On apprend à percevoir comme on applique le code de la route.
Pierre Bourlier, De l'intérieur du désastre, 2011

 

                                                                          

Dans Le Nez qui voque de Réjean Ducharme (Gallimard, 1967), Mille Milles, le narrateur de seize ans, est un veilleur immobile. Il est écrivain. Sa mélancolie, son amertume,  ne tient pas seulement à la perte de l’enfant qu’il était, comme on pourrait le penser, à la peur infantile de l’âge adulte, mais, au contraire, à la disparition du monde sous un tas de ferraille : « Je le veille loin derrière ». Le complément de phrase, merveilleux, est celui-ci : « Je ne peux pas laisser moi l’enfant seul dans le passé, seul présent dans toute l’absence, à la merci de l’oubli. Je le veille loin derrière. » (p. 9) Le jeune Mille Milles écrit sous les combles d’une chambre du Vieux-Montréal d’où il observe dans l’effroi, la colère et le rire, le devenir automobile de l’être humain, son oubli. S’il se nomme Mille Milles, c’est que "son" enfant, qui n’est plus exactement lui-même, a une longueur d’avance sur le grand imbécile que l'homme dit civilisé et adulte est devenu, une longueur d'avance vers un autre imaginaire que celui du motorisé: 

« Il y en a qui disent avoir une automobile. Ils font erreur. On n’a pas une automobile; on est une automobile. On peut naître nain. On peut naître idiot. On peut naître sourd-muet. On ne peut pas naître automobile : on devient automobile, tout à coup. À l’école, la plupart des camarades avait hâte de devenir automobile. Serrant dans leurs poings un volant imaginaire, faisant imiter à leur bouche la voix tonitruante des pots d’échappement, ils faisaient du cent milles à l’heure, ils prenaient les virages en penchant de côté et en poussant des ululements de mort. Ils pouvaient presque tous, rien qu’en le voyant tourner un coin de rue, dire le nom, le sobriquet et la date de naissance de n’importe quelle automobile de la terre.
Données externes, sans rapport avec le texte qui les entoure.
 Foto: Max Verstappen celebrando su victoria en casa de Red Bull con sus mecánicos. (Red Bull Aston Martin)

‒ Regarde! C’est une Dodge Windsors 1949.

‒ Regarde! C’est une Cadillac DeVille 1962.

            J’en ai connu un qui ne savait même pas qu’il avait une colonne vertébrale et qui pouvait, en soulevant le capot d’une automobile, nous donner le volume de son moteur et pouces cubes et sa puissance en chevaux-vapeur. » (p. 263)
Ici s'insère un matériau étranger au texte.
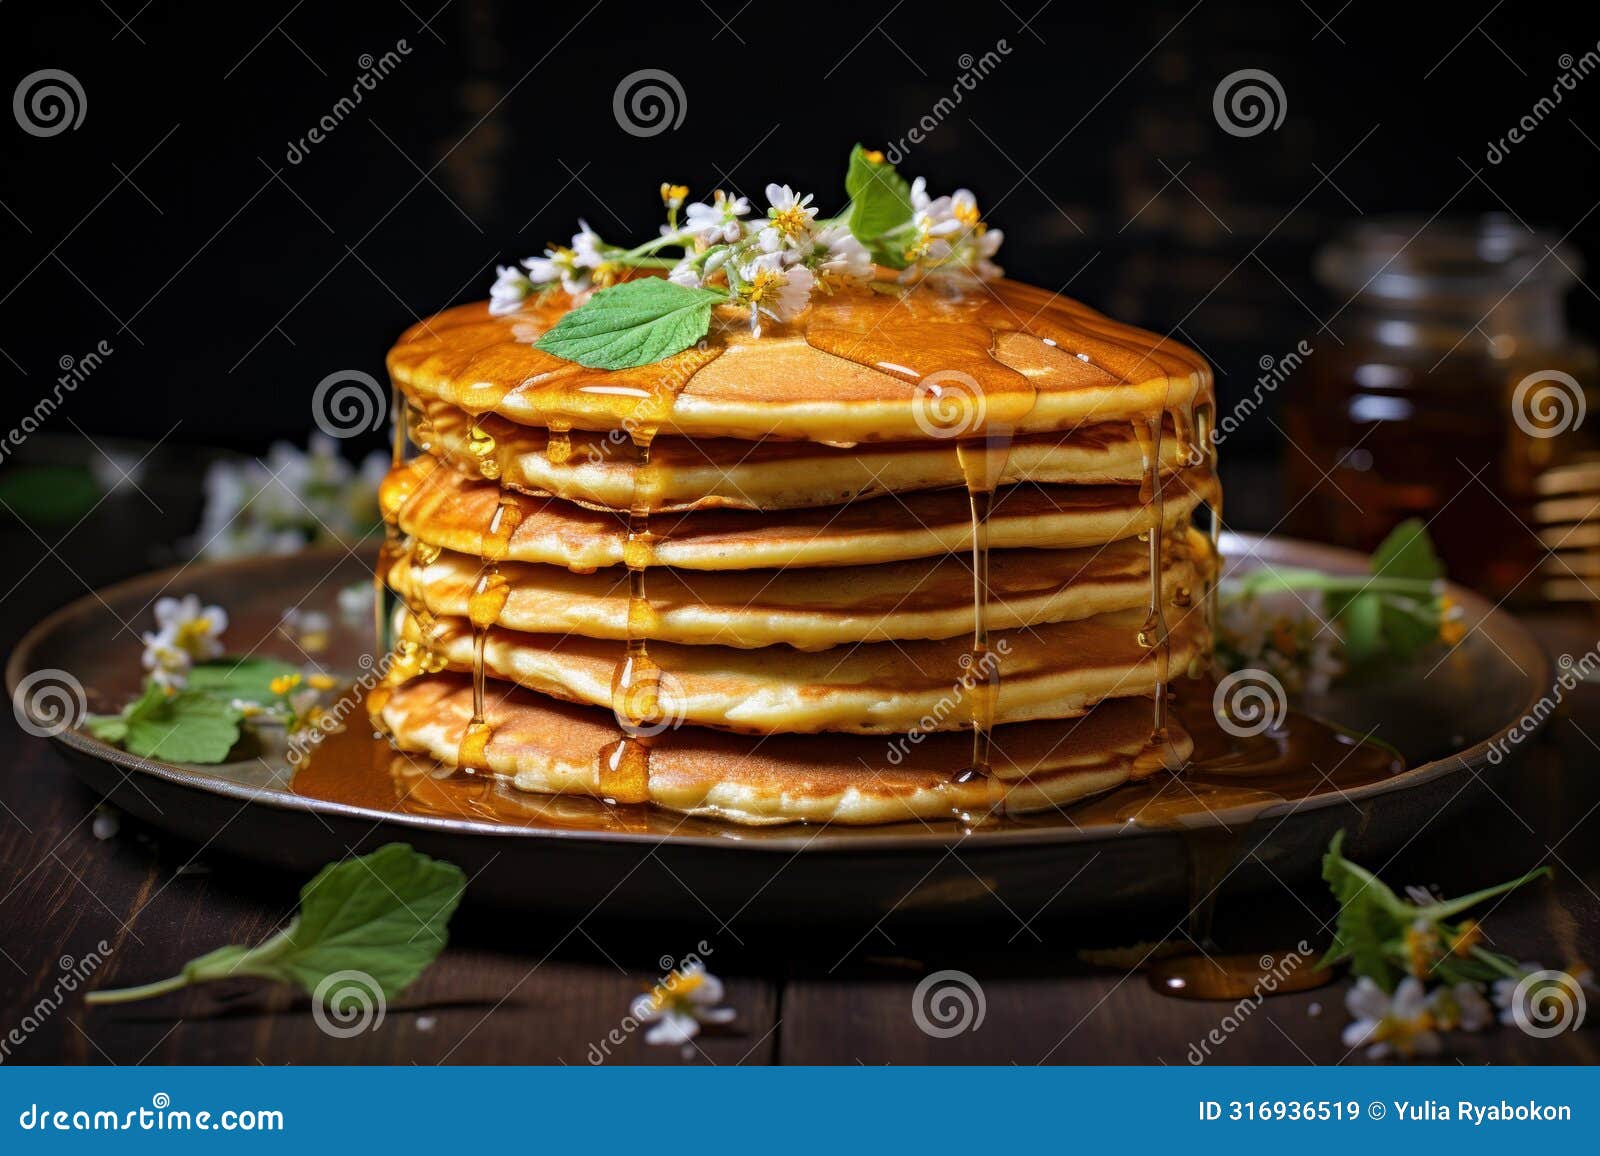 indulgent pancakes honey. generate ai

Le devenir automobile de l’homme va avec le devenir immonde du monde ‒ pour reprendre le mot du romancier  Sébastien Lapaque. L’immonde, c’est le devenir autoroute, tarmac, port, convoyeur, monte-charge, aéroport, gare, quai d’embarquement; c’est l’urbanisation des campagnes, de l’espace aérien; c’est l’autoroute informatique, l’univers numérique, algorithmique, la colonisation du système génétique, de tout ce qui fait l’humanité de l’homme : son inaptitude à vivre autrement qu’avec les autres, en société, grâce au langage, à la culture qui permet un espace entre les individus, un entre-deux vital, une intériorité en chacun d'eux. Ce que ne permet pas la culture de masse, techno-productiviste, qui détruit l'entre-deux, la société tout autant que l'esprit de l'individu, son aptitude à la liberté qui est le contraire de l'enfermement ou du confinement dans la masse. On peut être isolé et confiné dans la masse, libre en soi-même.
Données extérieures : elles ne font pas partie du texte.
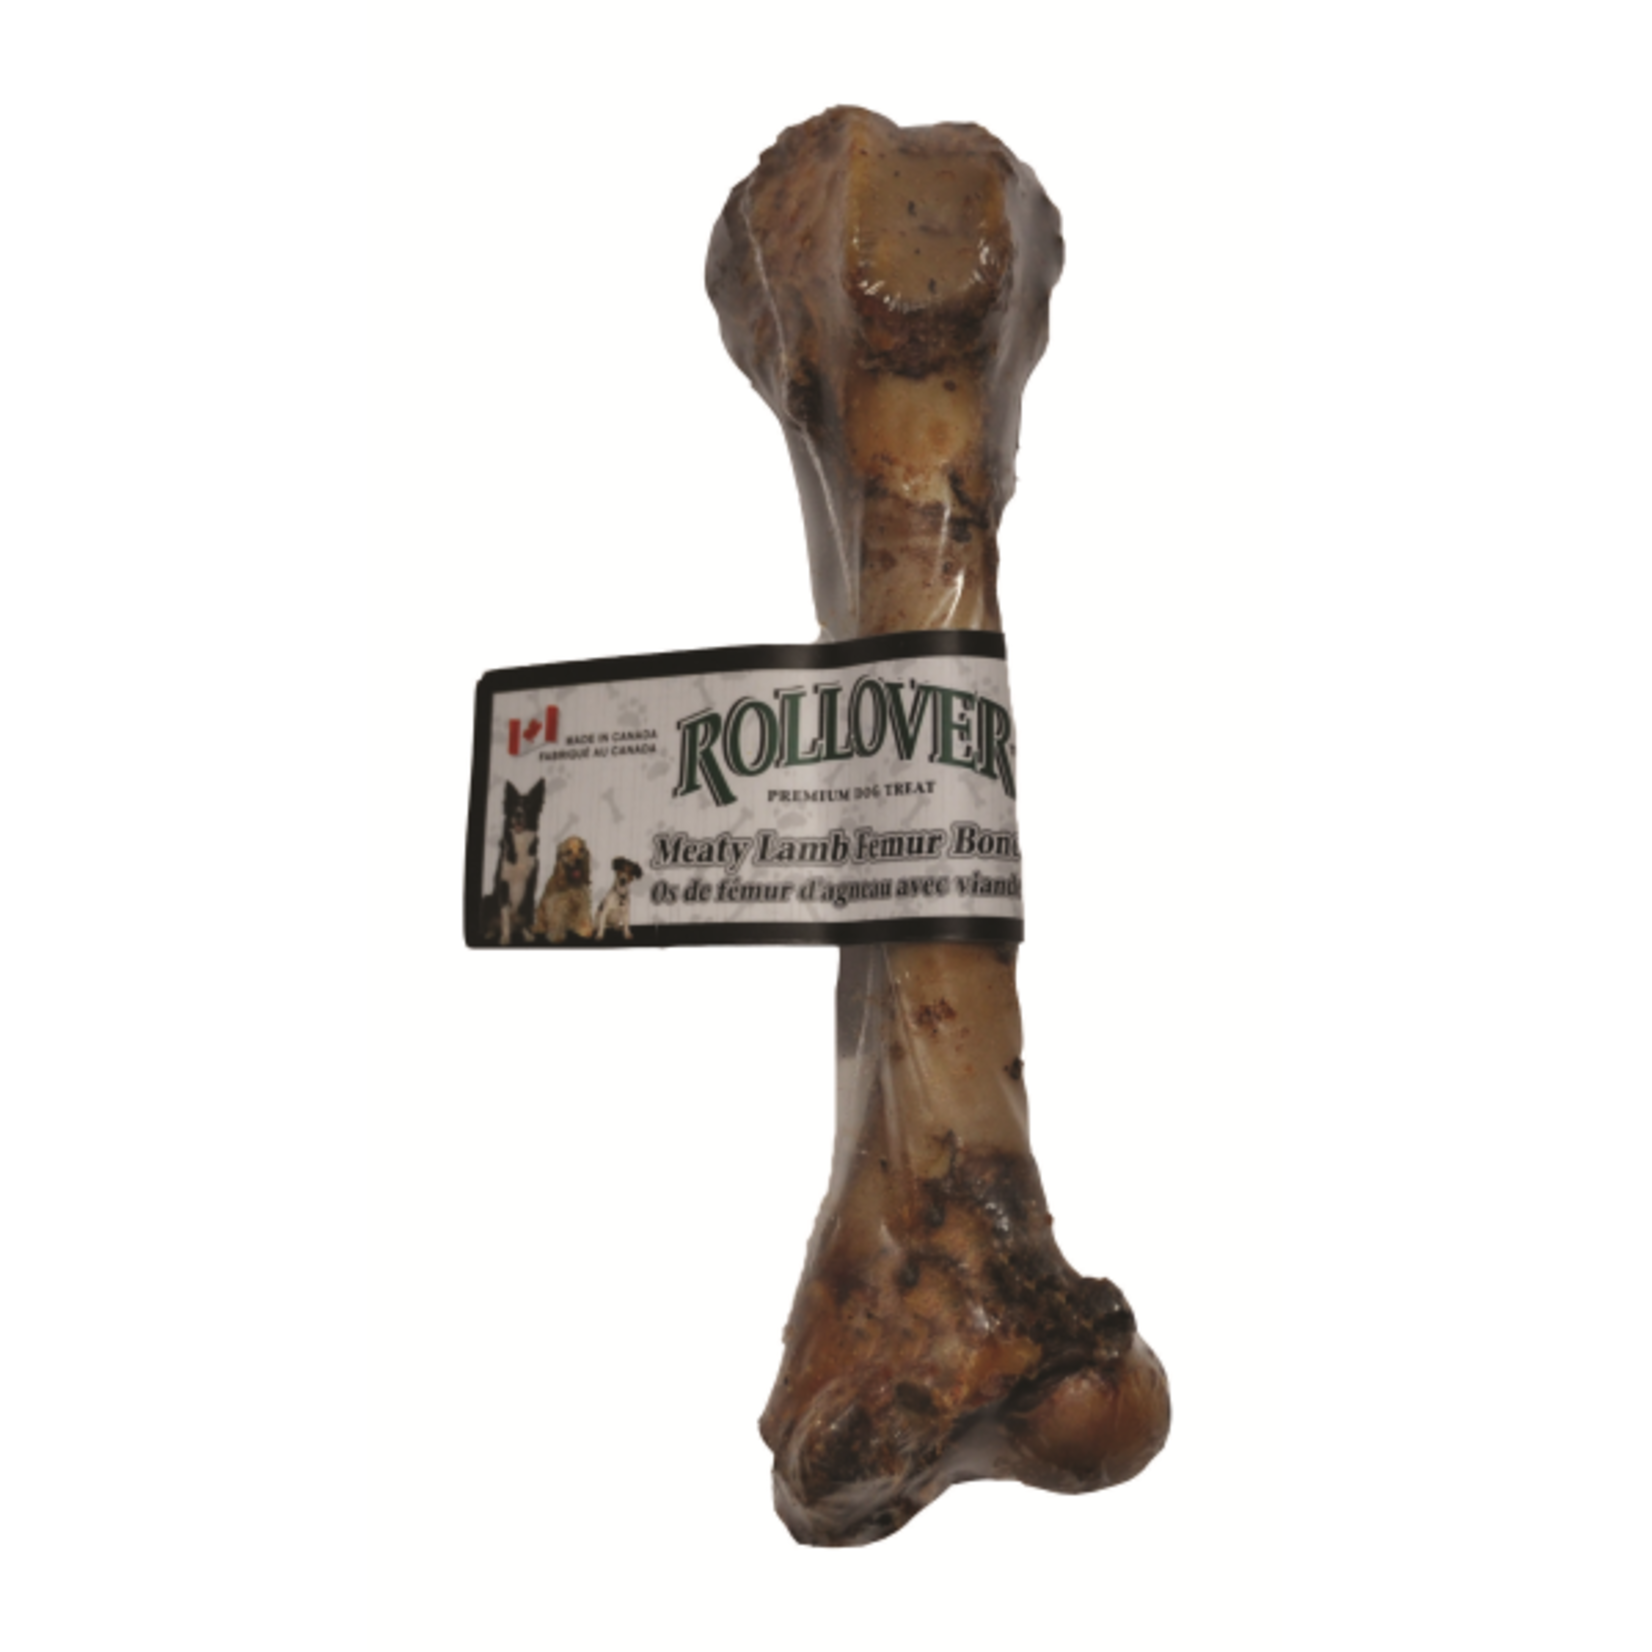 Rollover Rollover Meaty Lamb Femur Bone

Pour décrire cet immonde en profondeur, il faudrait recourir au concept de non-lieu de l’anthropologue Marc Augé.  Ces non-lieux sont des ingénieries pour faciliter les convoyages qui sont contraires aux lieux de mémoire. Ils tracent le chemin et l’habitat de l’individu plongé dans un univers autistique, sans monde habité autrement que dans la transition, la fluidité, la liquidité, voire dans l'eau ou le feu quand il y a crash, déraillement, naufrage, accidents divers: l'individu comme monade et nomade éternel, astronaute solitaire dans  son propre vide sidéral, bercé et diverti par des images virtuelles. L’aéroport en est la concrétisation idoine; l’université, les complexes de cinéma, de divertissement. Les hôpitaux sont les nouveaux refuges, avec des infirmières hyper sympathiques et compétentes et compréhensives. On devrait s’inquiéter, car bientôt on leur demandera  de danser aux lits. Le féminin inclut le masculin.

L’immonde fonctionne  au fuel, à l’électricité et au nucléaire, mais surtout à la volonté de puissance : la machine est en marche pour ne plus jamais s’arrêter, jusqu’à l’anéantissement final à force de ressentiment, à moins d’une véritable révolution, c’est-à-dire que l’on actionne le frein d’urgence, comme le disait Walter Benjamin avant la Seconde Guerre mondiale. Le frein d’urgence, c’est le contraire du klaxon et du Convoi de la liberté.

La révolte des motorisés qui sévit ces temps-ci ne vise pas à freiner  le devenir automobile de l’homme et le devenir immonde du monde, du moins consciemment, mais à le maintenir. C'est un acte de soumission, un genou à terre. Les deux en fait. Ce qui est revendiqué, c’est la liberté d’obéir à l’immonde. Il s’agit de sortir d’un confinement, exaspérant, pour retourner à un autre confinement, infiniment plus étouffant, sans issue, mais divertissant. D’un à l’autre, il faut dire que le passage est trouble.

En quoi cette colère nous rend-elle plus humain, aurait demandé George Orwell? Il faudrait pour cela qu’elle se transforme en langage compréhensif et dialogique.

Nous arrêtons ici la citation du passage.